COUNT HIM NOT AS AN ENEMY, BUT ADMONISH HIM AS

A BROTHER.—2 Thess. ii. 15,

IT IS BETTER TO HEAR THE REBUKE OF THE WISE, THAN FOR A MAN TO HEAR THE SONG OF FOOLS:'-Eccl. vii. 5.

The morning was very fine on which the party met to proceed on their excursion. The Vicar of St. Mary's seemed to have recovered his spirits, and to be dividing his attentions between Miss Lucy Wilmot and one of the Miss Hoopers. Mrs. Wilmot appeared rather depressed, but soon assumed her natural lively manner; she led the way into the picture gallery, calling the attention of Mr. H. Conroy to a fine painting by Rembrandt, which she said was reputed to be one of the most valuable in the collection.
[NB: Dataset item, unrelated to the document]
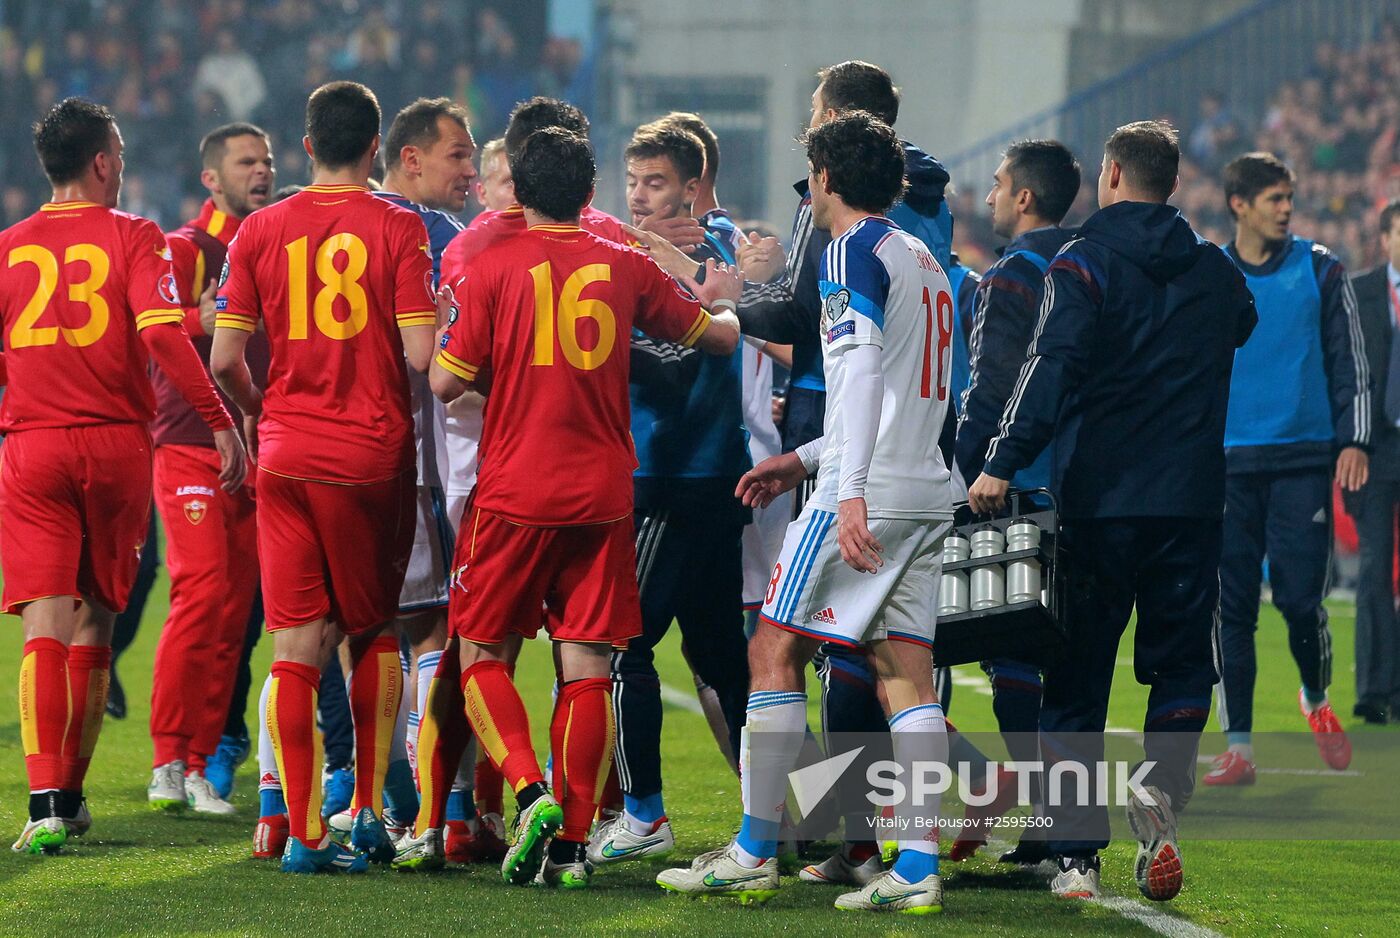 UEFA EURO 2016 qualifier. Montenegro vs. Russia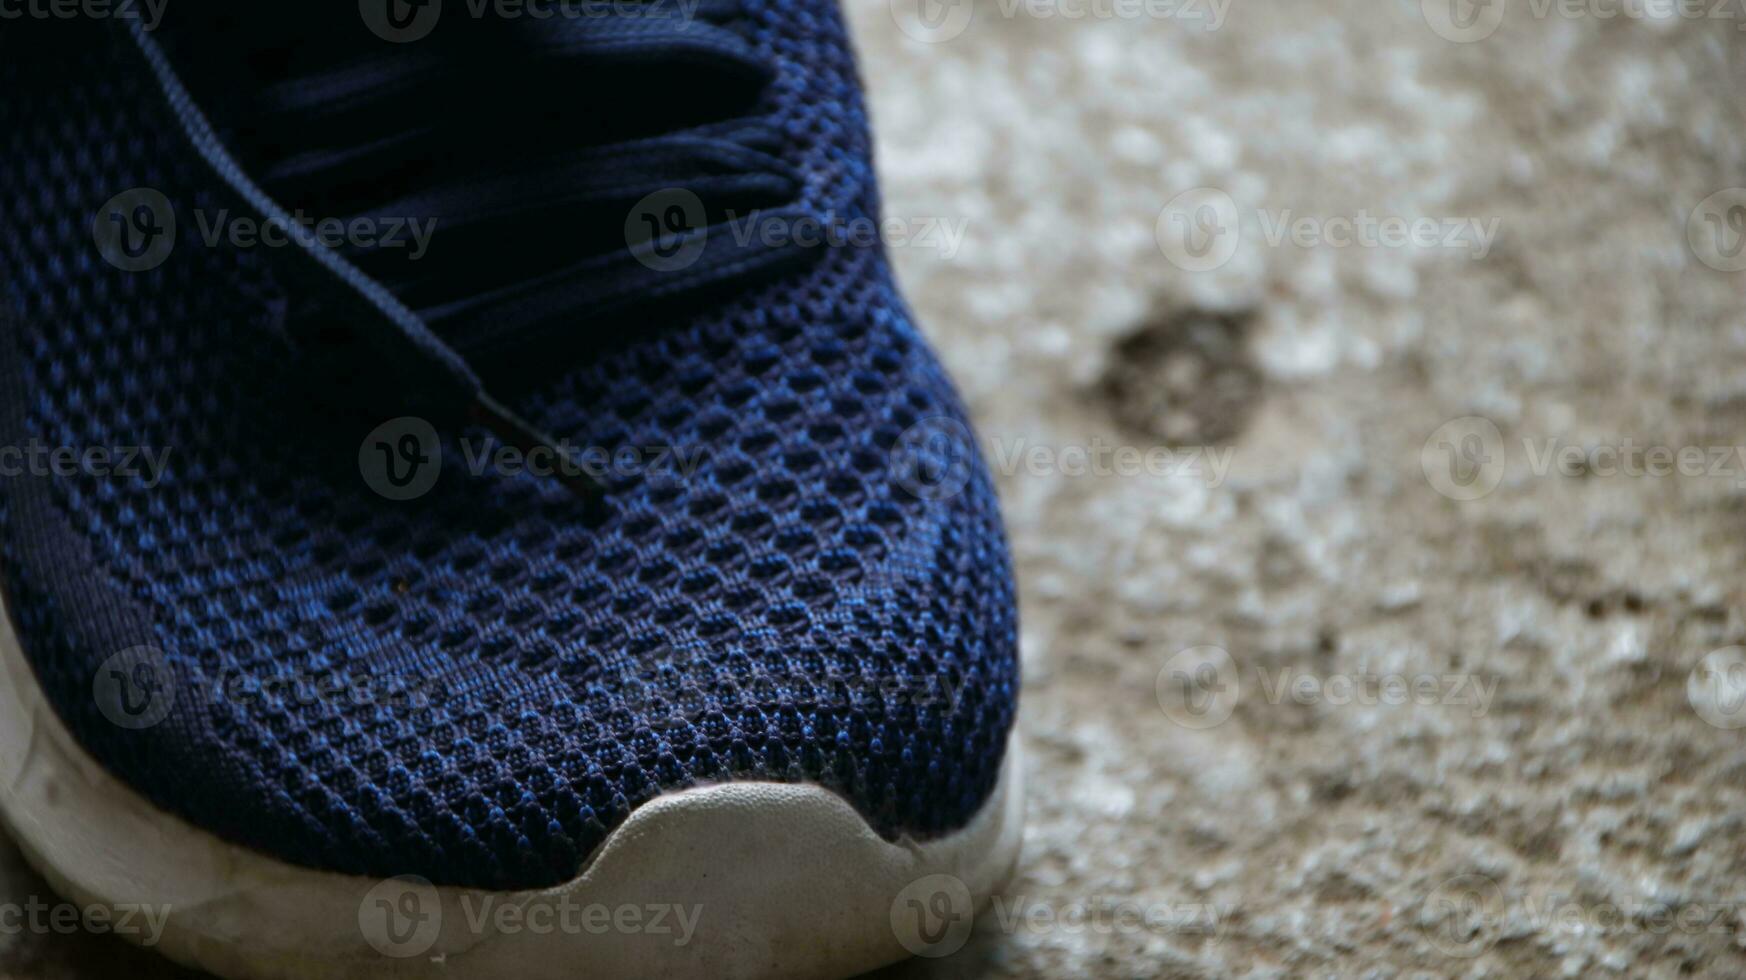 Blau Sport Schuhe, Blau Turnschuhe auf schmutzig Fußboden foto

The two elder daughters joined their mother in pointing out, and commenting on its merit: “How sweetly that baby smiles in its mother's face,” said one of the ladies, “ and how round and fat that pretty little hand is." “ What a fine countenance the mother has, and how full of expression her eyes are!” said another. “What a sweet painter Rembrandt is ! how soft and beautiful his figures are ! I wonder, mamma, if Lord B- would allow me to make a copy of this picture?” “ I should think he might, my dear, we can ask if he ever allows his pictures to be copied, I should like you to copy this Rembrandt, and I think you could make a very pretty little drawing”—“ for my study,” added the Vicar of St. Mary's, concluding Mrs. Wilmot's sentence; they all laughed and continued their criticisms.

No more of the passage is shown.